DATASET EXCERPT below:
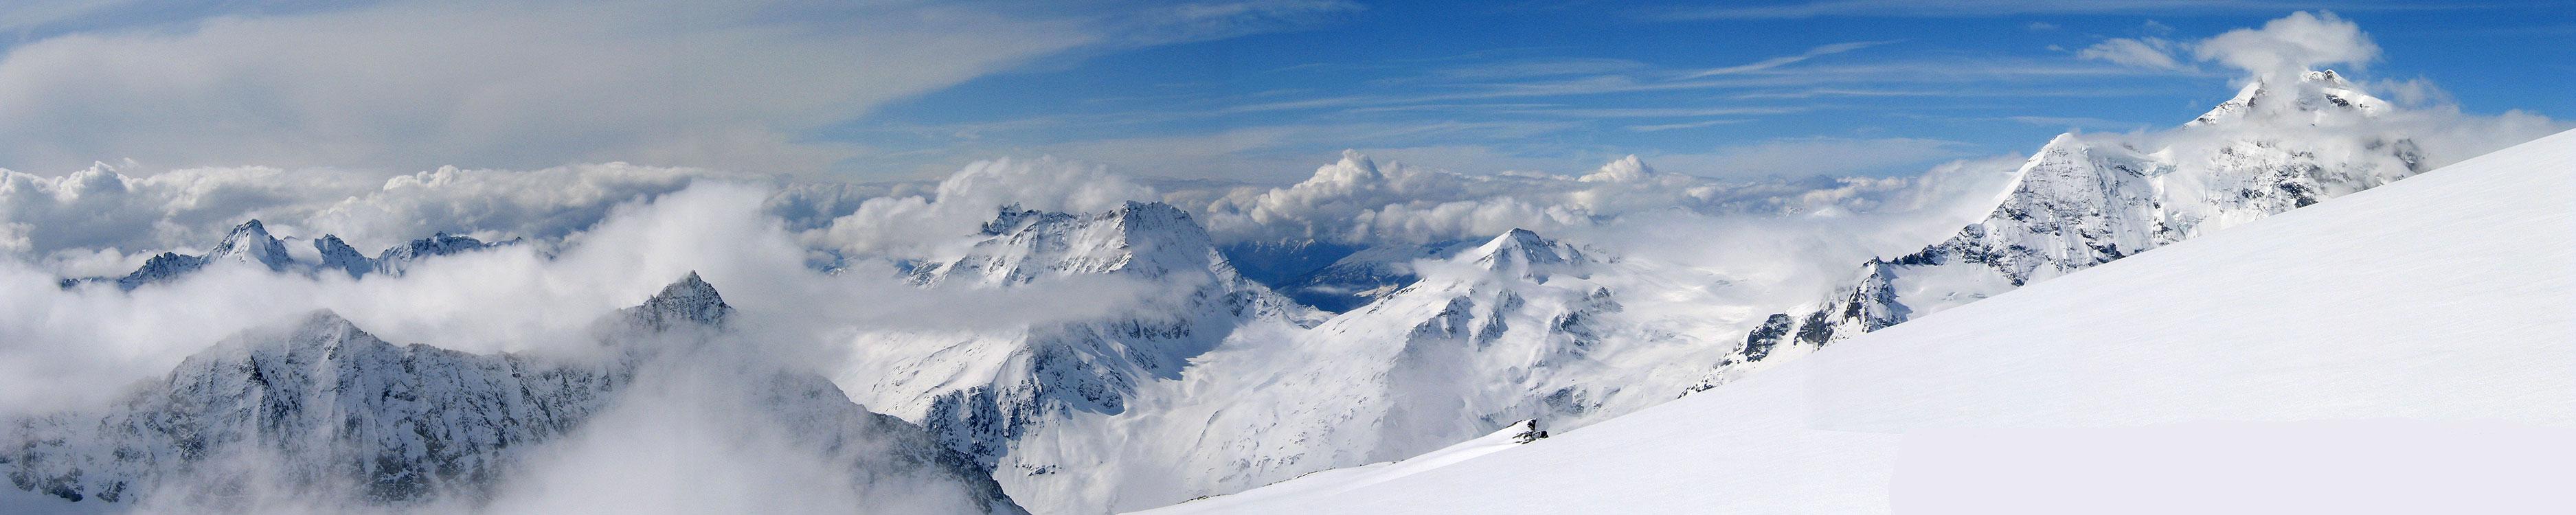 La Ruinette Walliser Alpen / Alpes valaisannes Switzerland panorama 29
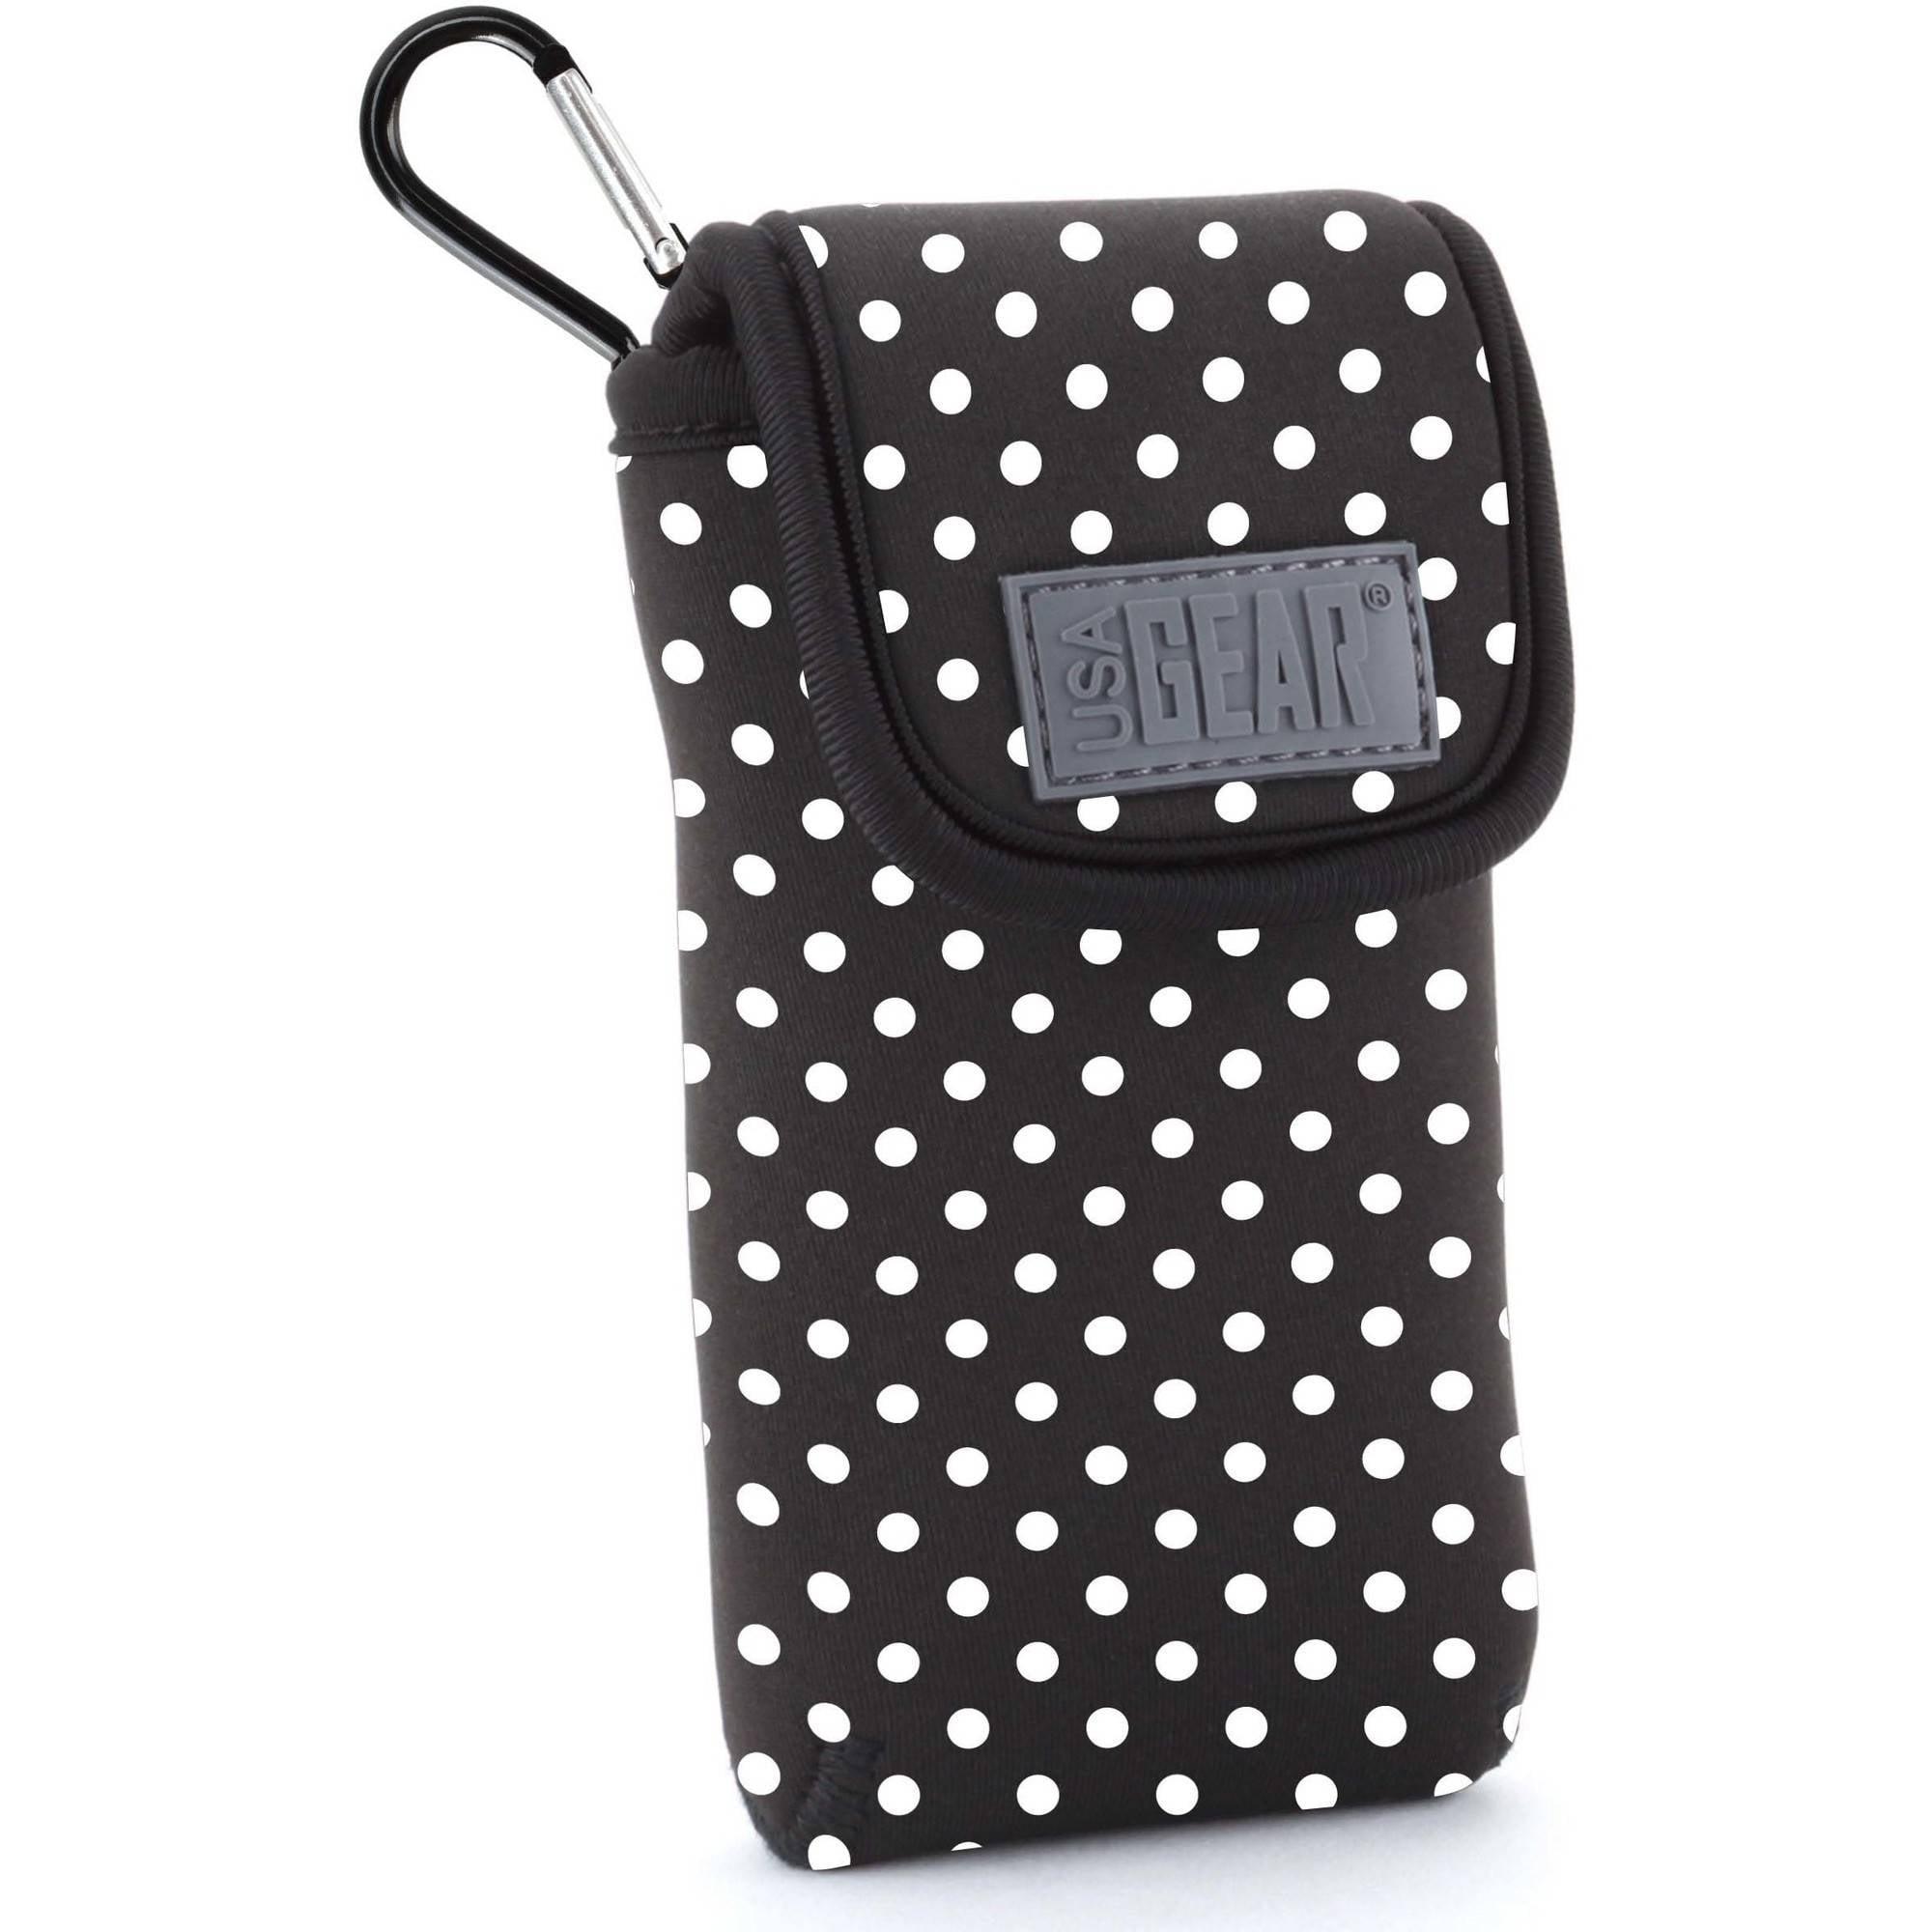 USA GEAR FlexARMOR D50 Portable Pocket Radio Case with Carabiner Clip, Polka Dot
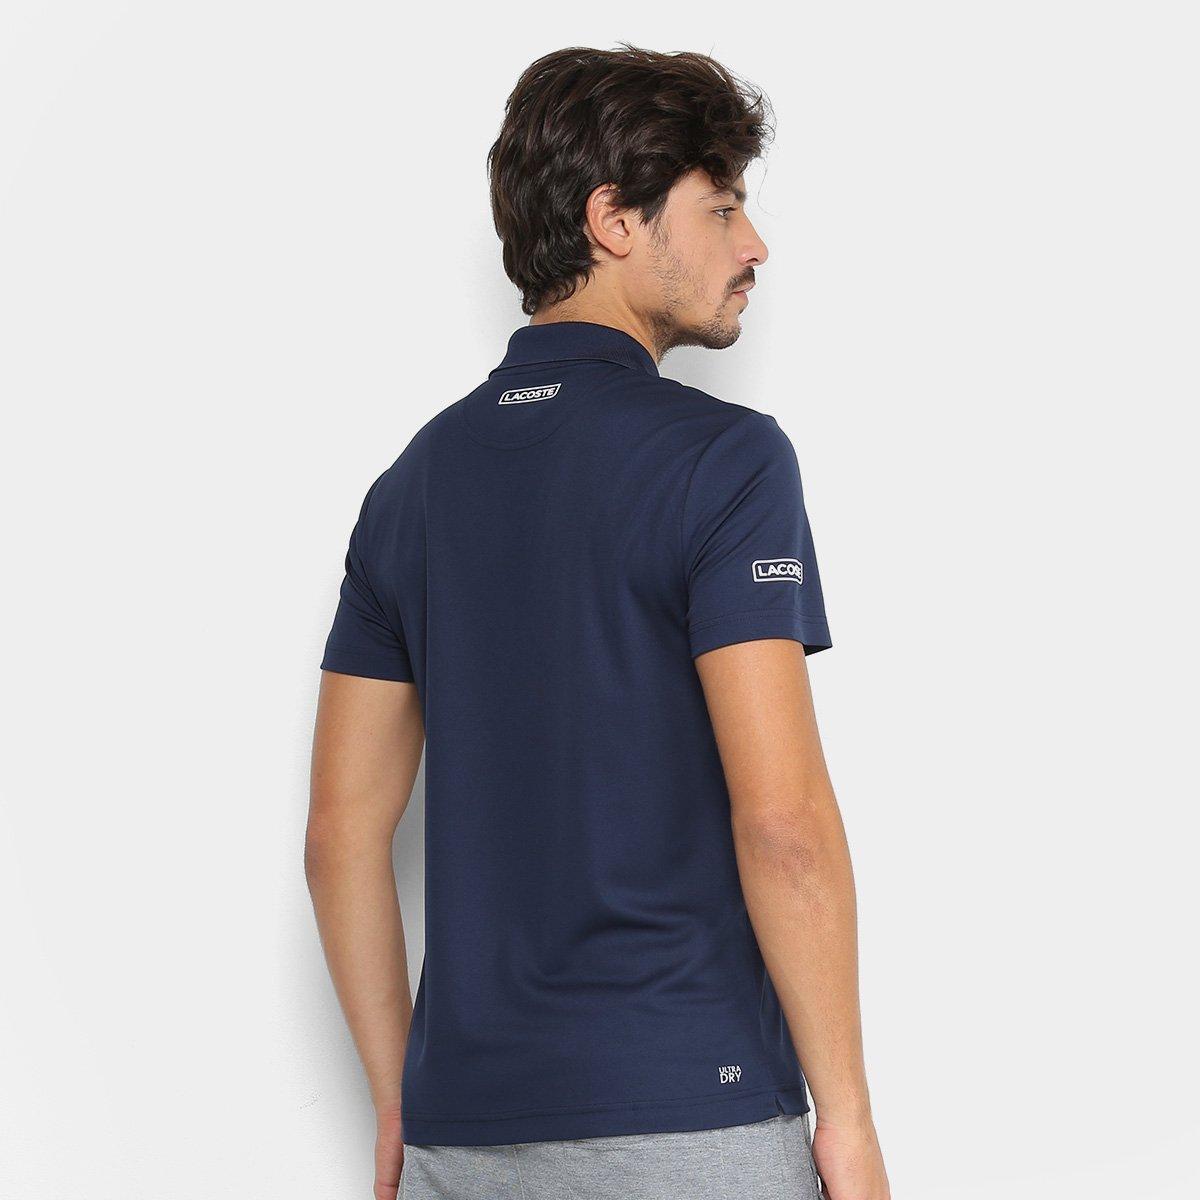 Camisa Polo Lacoste Sport Tennis Masculina - Marinho - Compre Agora ... 20a0b1b6d4
End of DATASET EXCERPT.
ASSIGNMENT -
Output the data exactly as it is, with the pictures dropped.

TASK ANSWER -
 La Ruinette Walliser Alpen / Alpes valaisannes Switzerland panorama 29
 USA GEAR FlexARMOR D50 Portable Pocket Radio Case with Carabiner Clip, Polka Dot
 Camisa Polo Lacoste Sport Tennis Masculina - Marinho - Compre Agora ... 20a0b1b6d4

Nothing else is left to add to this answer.